→ Task to carry out
Transcribe the listing that follows in full, exactly, and drop its images.

→ Collected data
----
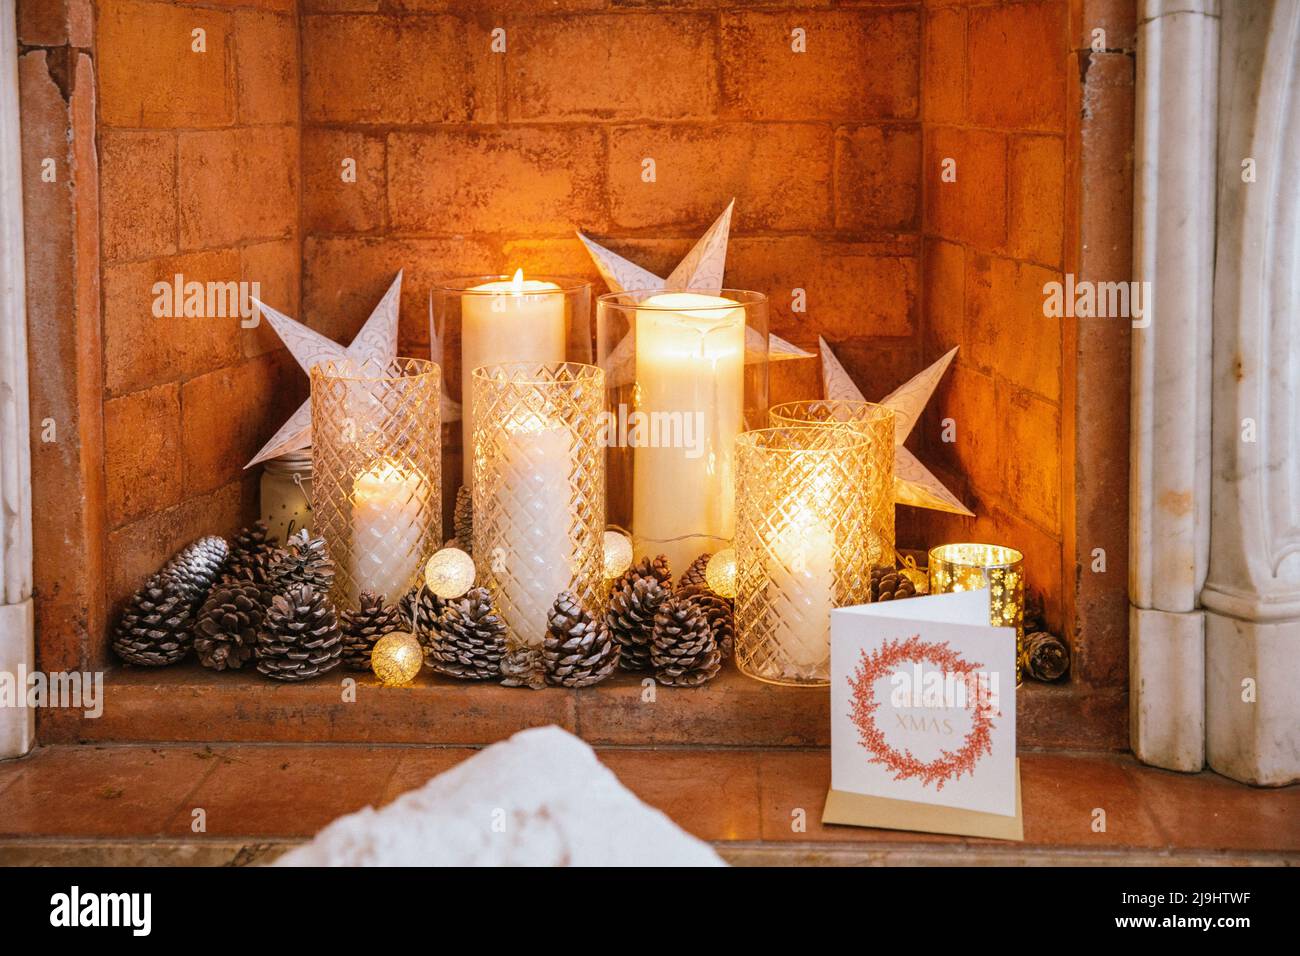 Velas de Navidad y tarjeta de felicitación dentro de la chimenea de ladrillo Foto de stock
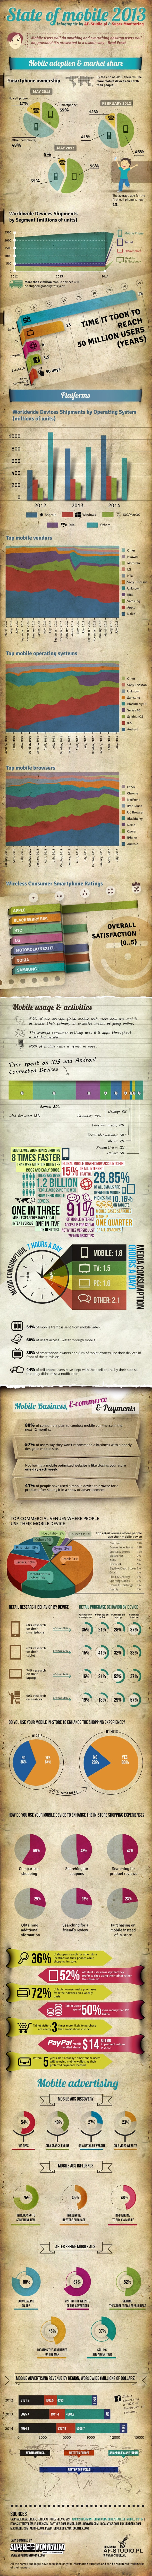 Como anda o mercado mundial mobile? confira o infográfico 10
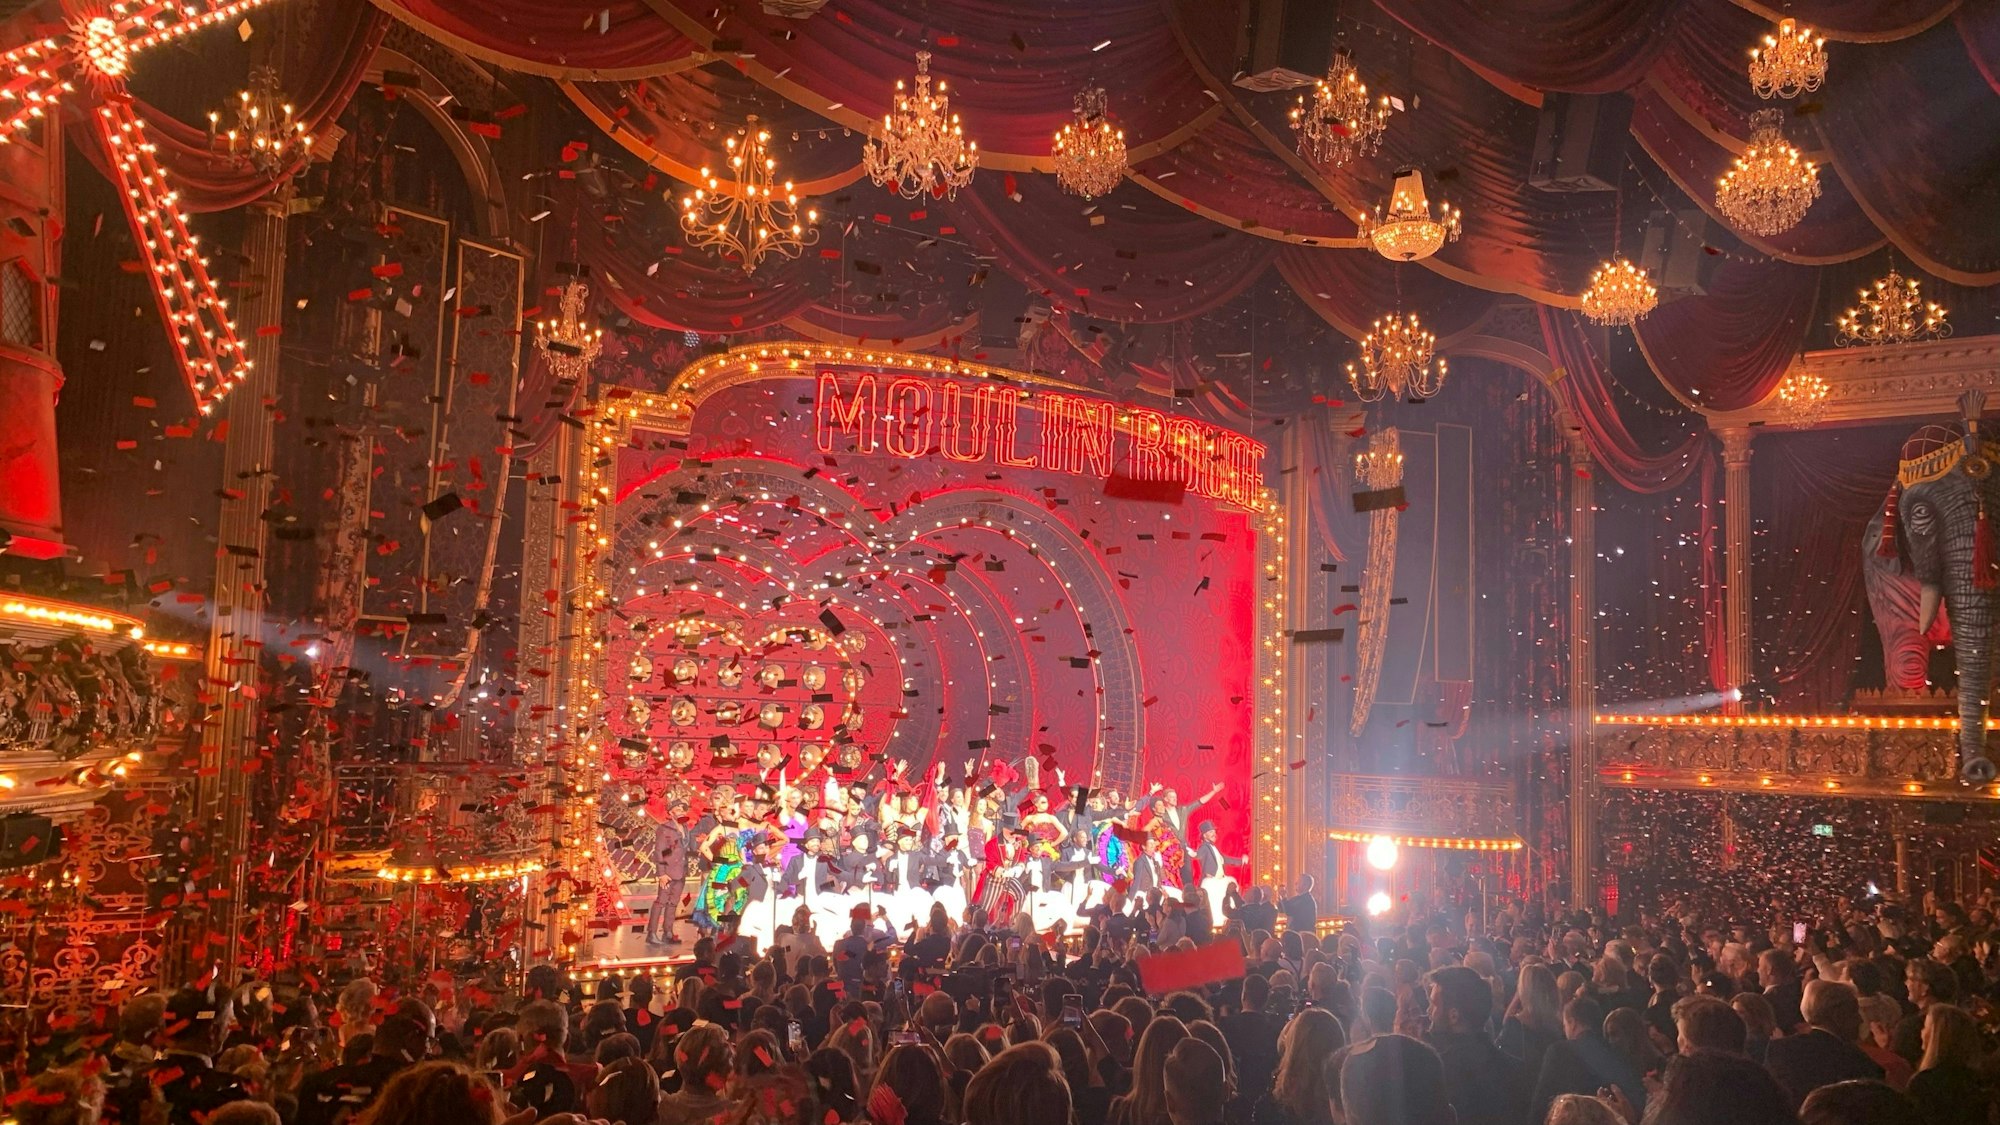 Als die Galapremiere des Musicals Moulin Rouge im Musical Dome vorbei war, wurde Konfetti durch den in rotes Licht getauchten Saal geschossen. Die Darsteller tanzten noch einmal auf der Bühne und das Publikum gab stehende Ovationen.
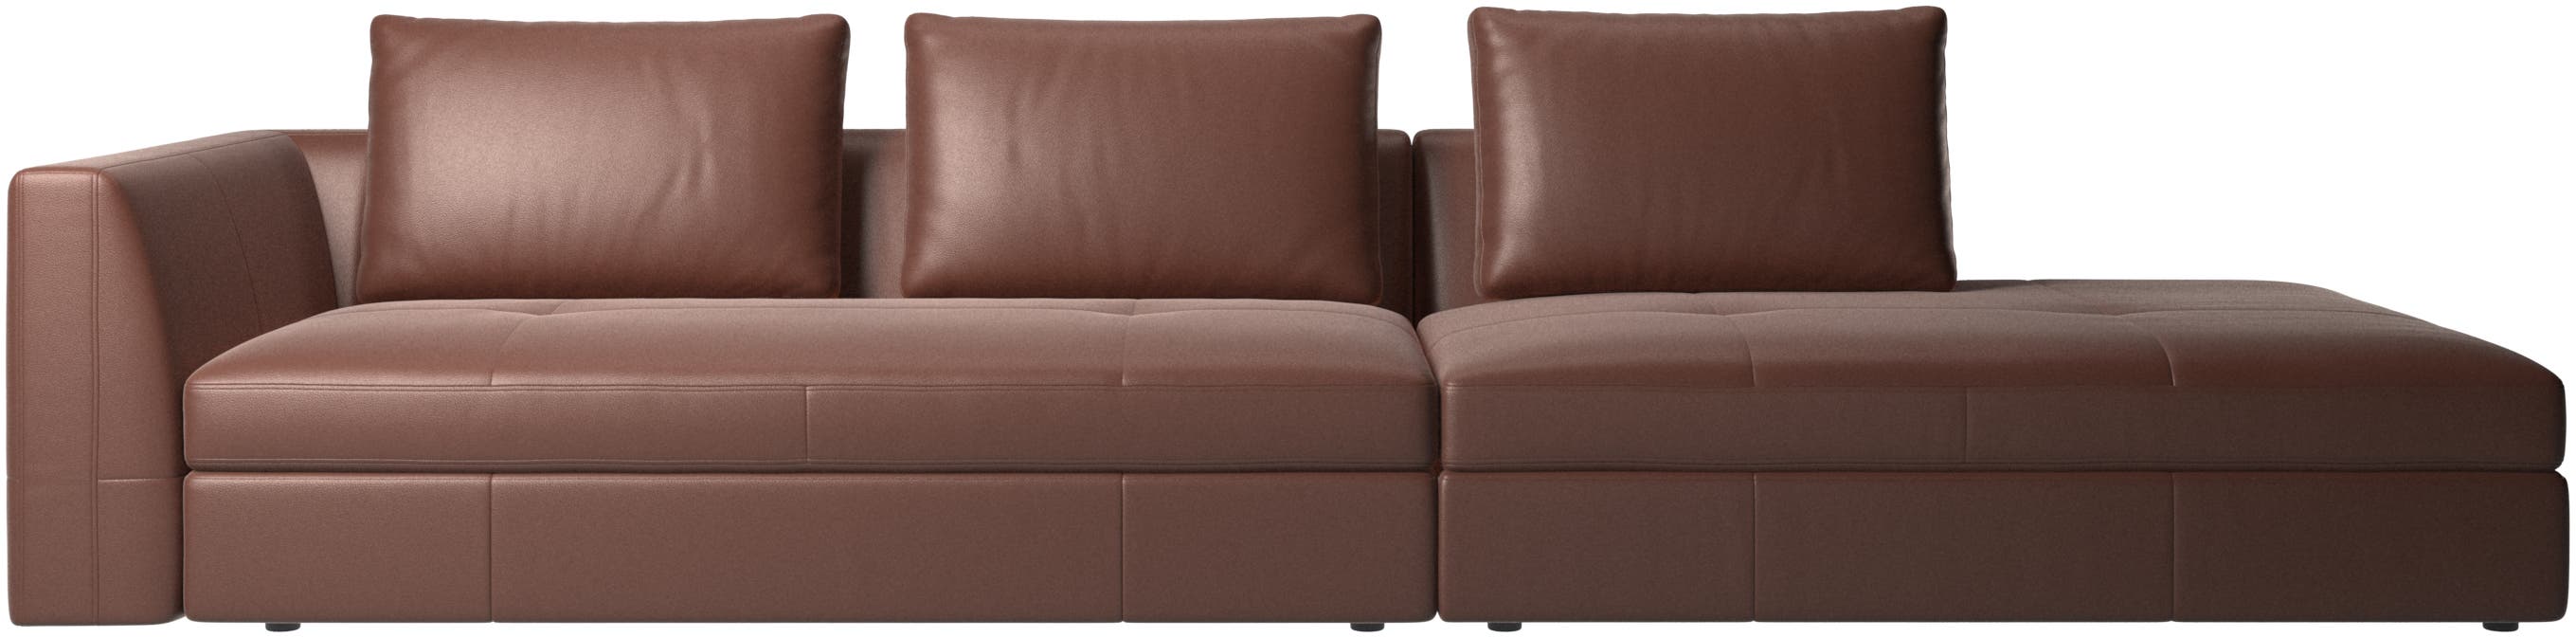 Bergamo sofa mit recamiere
----
→ Result of this exercise
 Velas de Navidad y tarjeta de felicitación dentro de la chimenea de ladrillo Foto de stock
 Como anda o mercado mundial mobile? confira o infográfico 10
 Als die Galapremiere des Musicals Moulin Rouge im Musical Dome vorbei war, wurde Konfetti durch den in rotes Licht getauchten Saal geschossen. Die Darsteller tanzten noch einmal auf der Bühne und das Publikum gab stehende Ovationen.
 Bergamo sofa mit recamiere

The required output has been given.